Durant la formation des États nordiques, une forte tradition de social-démocratie a favorisé tout à la fois une retenue de l’Etat dans ses interventions dans la vie économique et des niveaux remarquablement élevés de confiance dans le gouvernement. Les gouvernements ont permis aux associations d’employeurs et aux syndicats d’organiser le marché du travail par le biais de la négociation collective.

Le « complexe industriel » de l’aide sociale

La force de cet héritage est telle que les pays nordiques voient d’un très mauvais œil les ambitions de l’Union européenne d’introduire un « pilier social » de droits pour ses citoyens. La mise en place d’un salaire minimum est considérée comme une forme particulièrement odieuse d’ingérence dans des questions qui ont traditionnellement été résolues par des négociations nationales.

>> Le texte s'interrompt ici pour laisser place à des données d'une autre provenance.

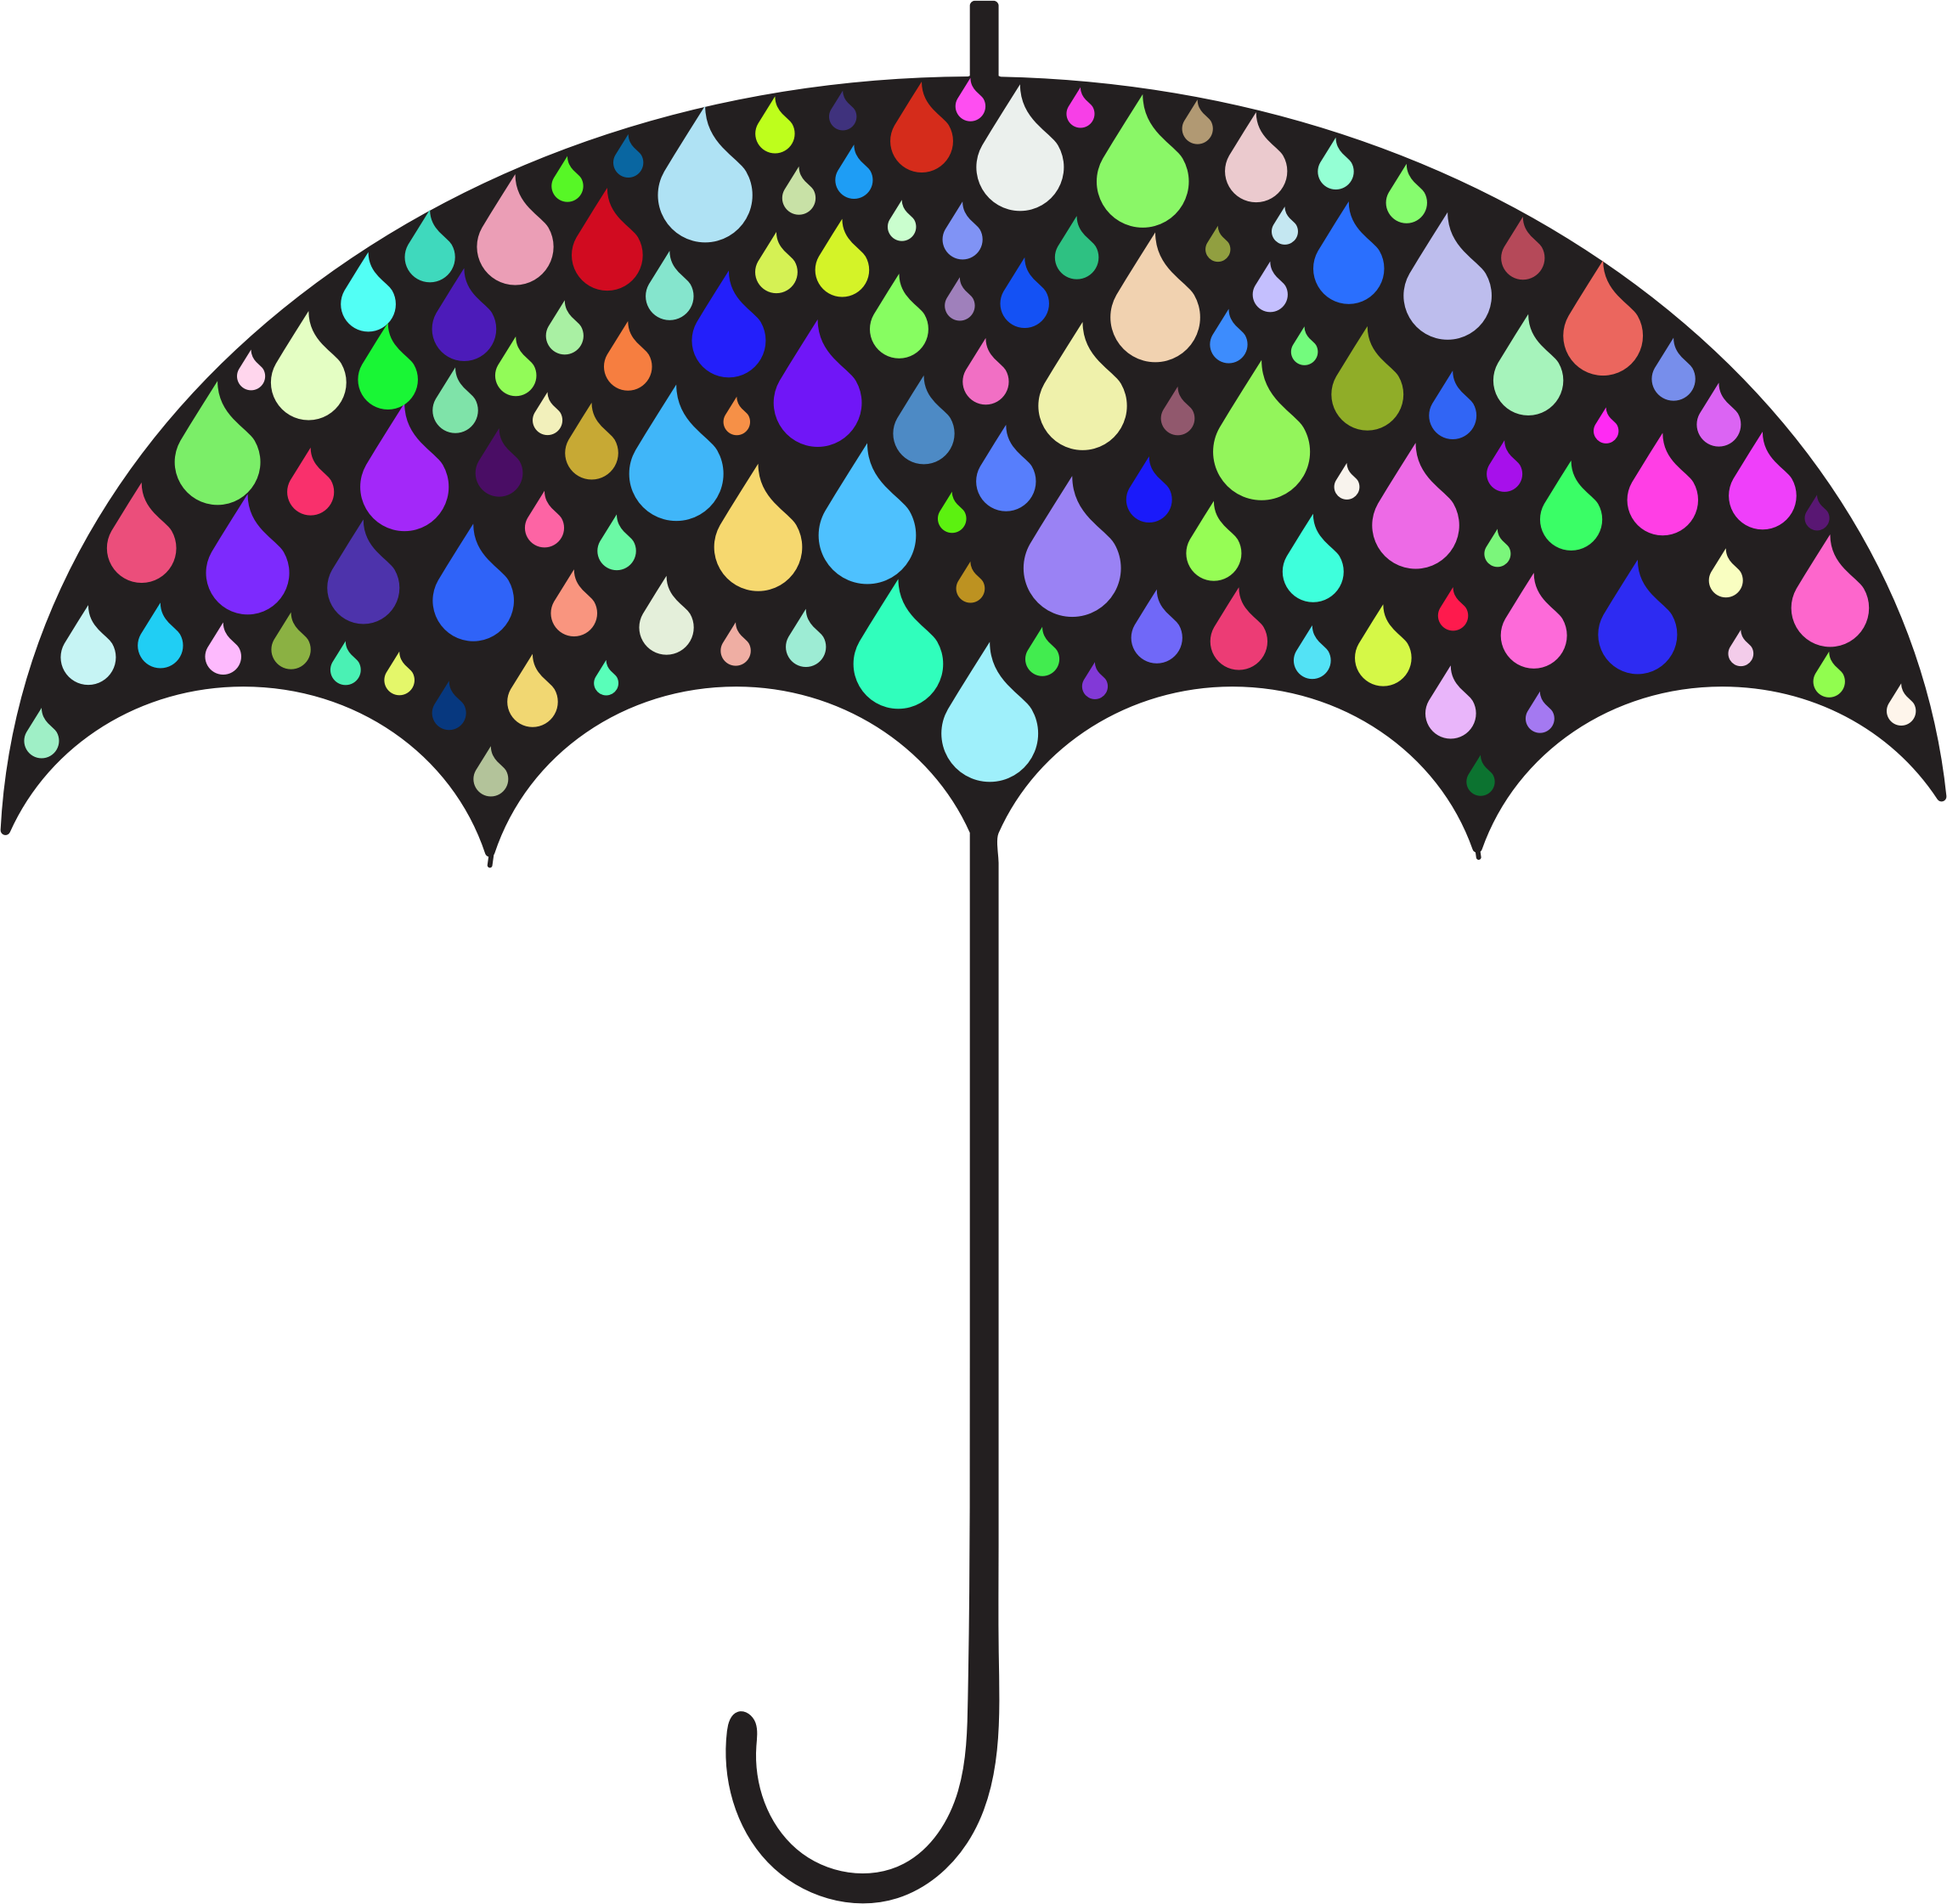 clipart umbrella silhouette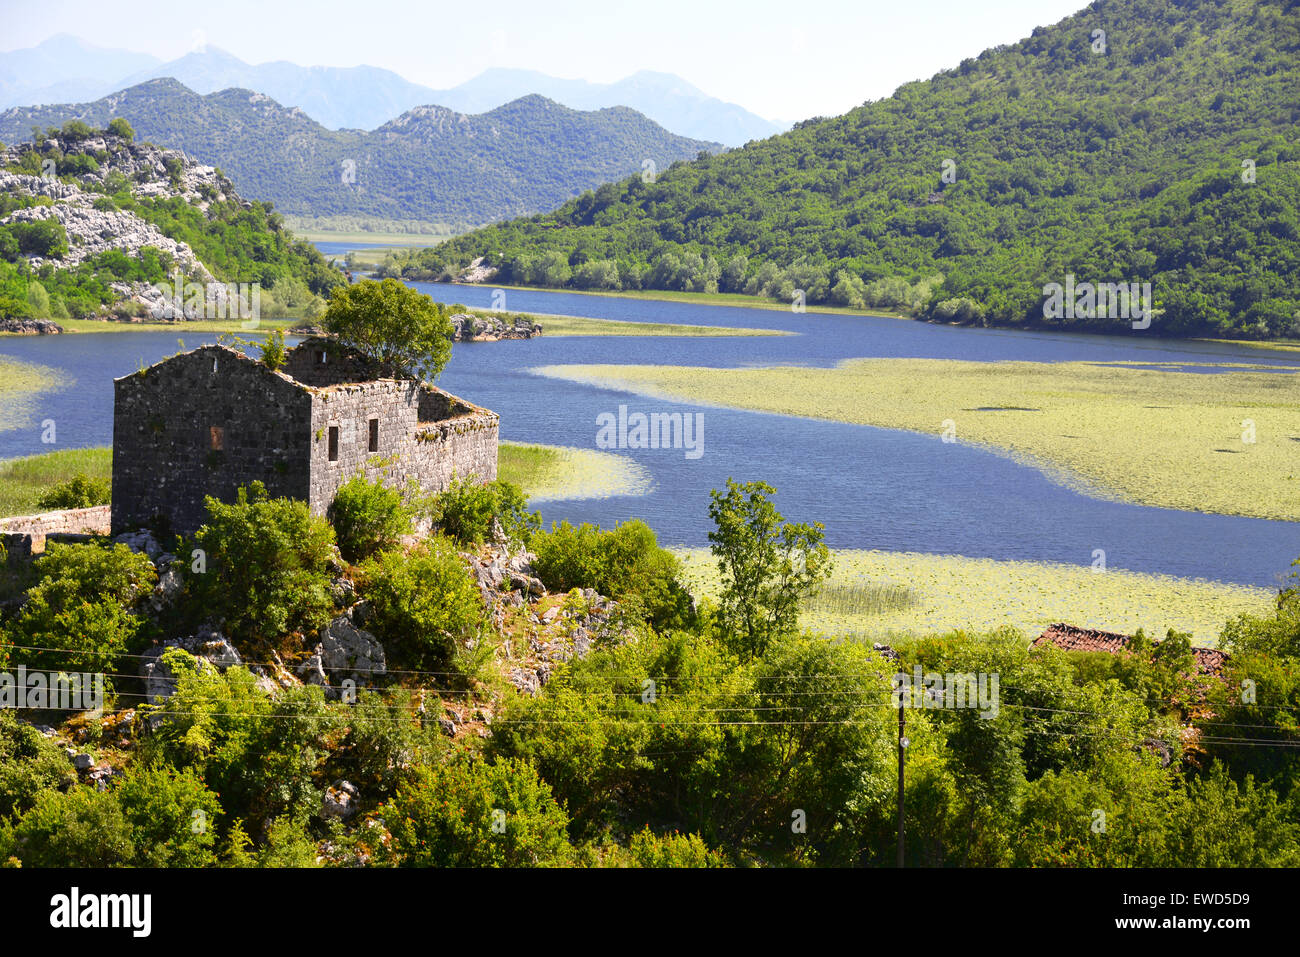 Karuc village on Lake Skadar, Montenegro, the largest lake in the Balkan Peninsula. National Park. Stock Photo

De nombreux observateurs extérieurs scrutent les États nordiques afin d’en tirer des leçons pour leur propre pays. L’obsession de longue date des démocrates américains d’évoquer le modèle de l’État-providence scandinave à des fins de politique intérieure en est un bon exemple. Ces projections fantaisistes ont souvent été très éloignées de la réalité. Par ailleurs, chaque État scandinave a son modèle spécifique.

Malgré ce que pensent des démocrates comme le sénateur Bernie Sanders, des politiques de copier-coller ne sauraient suffire à reproduire les succès des autres. Mais ce qui est encore plus troublant, c’est que, dans les pays nordiques, les idéaux actuellement vantés auprès au public américain ont depuis longtemps été altérés, ils ont même parfois disparu. La vague néolibérale qui a débuté dans les années 1980 et le culte de la « nouvelle gestion publique » qui s’en est suivi ont entraîné une très importante transformation de l’État-providence traditionnel.
Dans la réalité, il existe maintenant des divergences profondes entre les États nordiques, tant au niveau des politiques que des normes de gouvernance. À certains égards, le Danemark et la Suède sont très différents. Étant donné que les deux pays partagent un héritage linguistique, culturel et politique, il est logique d’attribuer ces divergences à des choix différents dans leurs priorités.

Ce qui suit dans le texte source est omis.